DATA PROVIDED:
--- --- ---
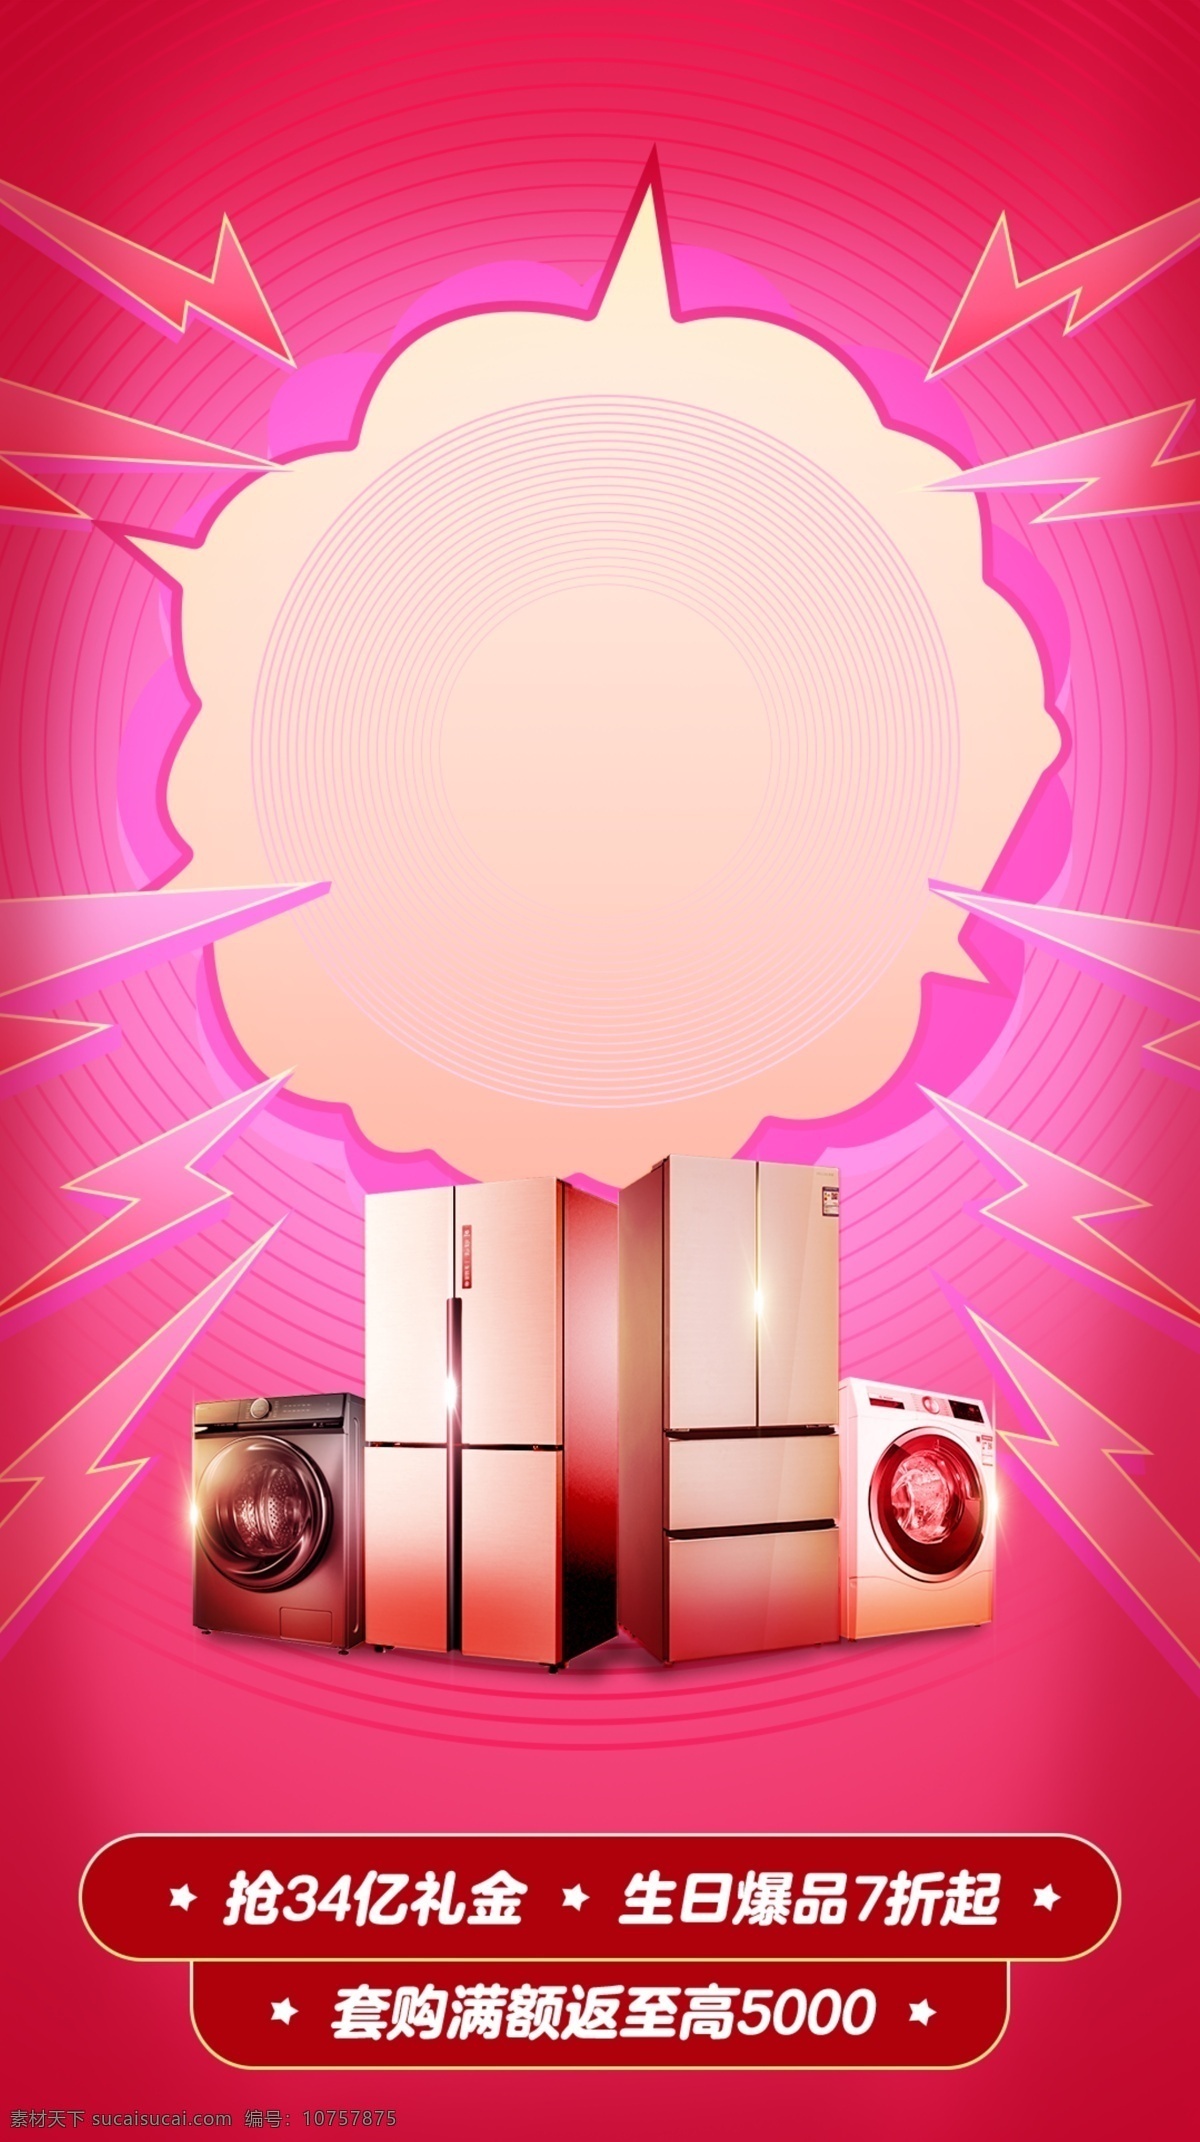 粉色背景图片 粉色背景 云团 爆炸 粉红背景 闪电 电器 发光背景
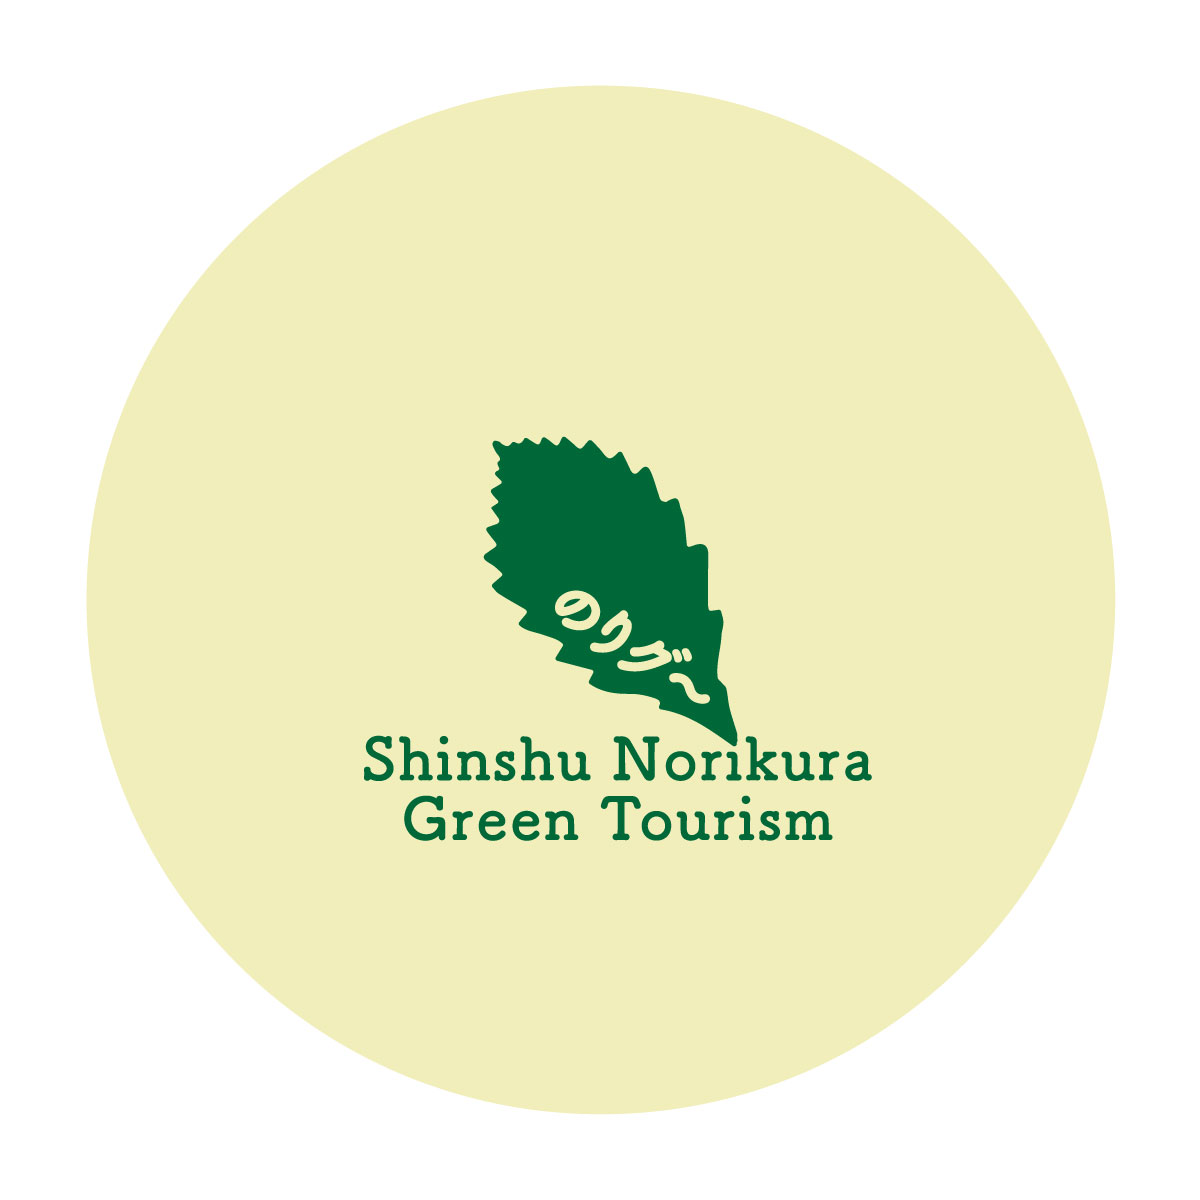 Shinshu Norikura Green Tourism
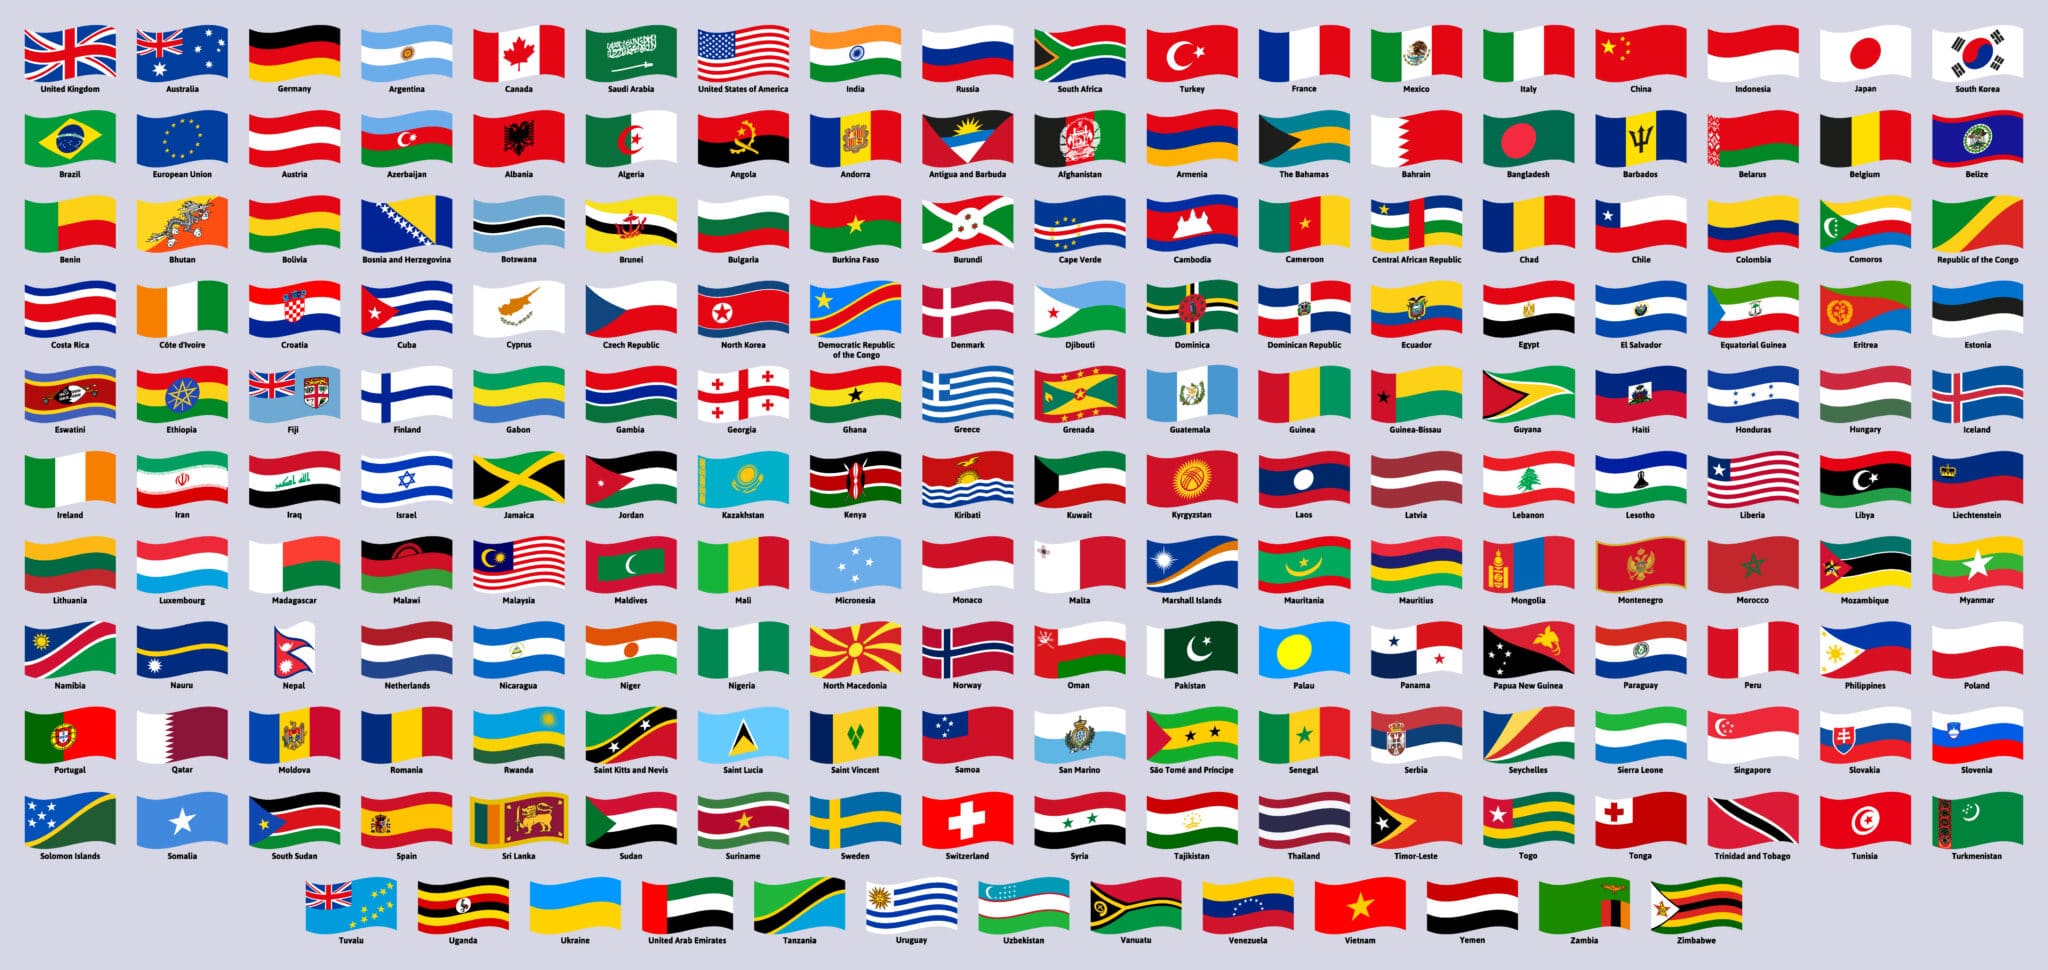 Abbildung der Flaggen aller Länder weltweit
--- --- ---
Could you copy the listing exactly, leaving out any pictures?

EXERCISE ANSWER:
 粉色背景图片 粉色背景 云团 爆炸 粉红背景 闪电 电器 发光背景
 Shinshu Norikura Green Tourism
 Abbildung der Flaggen aller Länder weltweit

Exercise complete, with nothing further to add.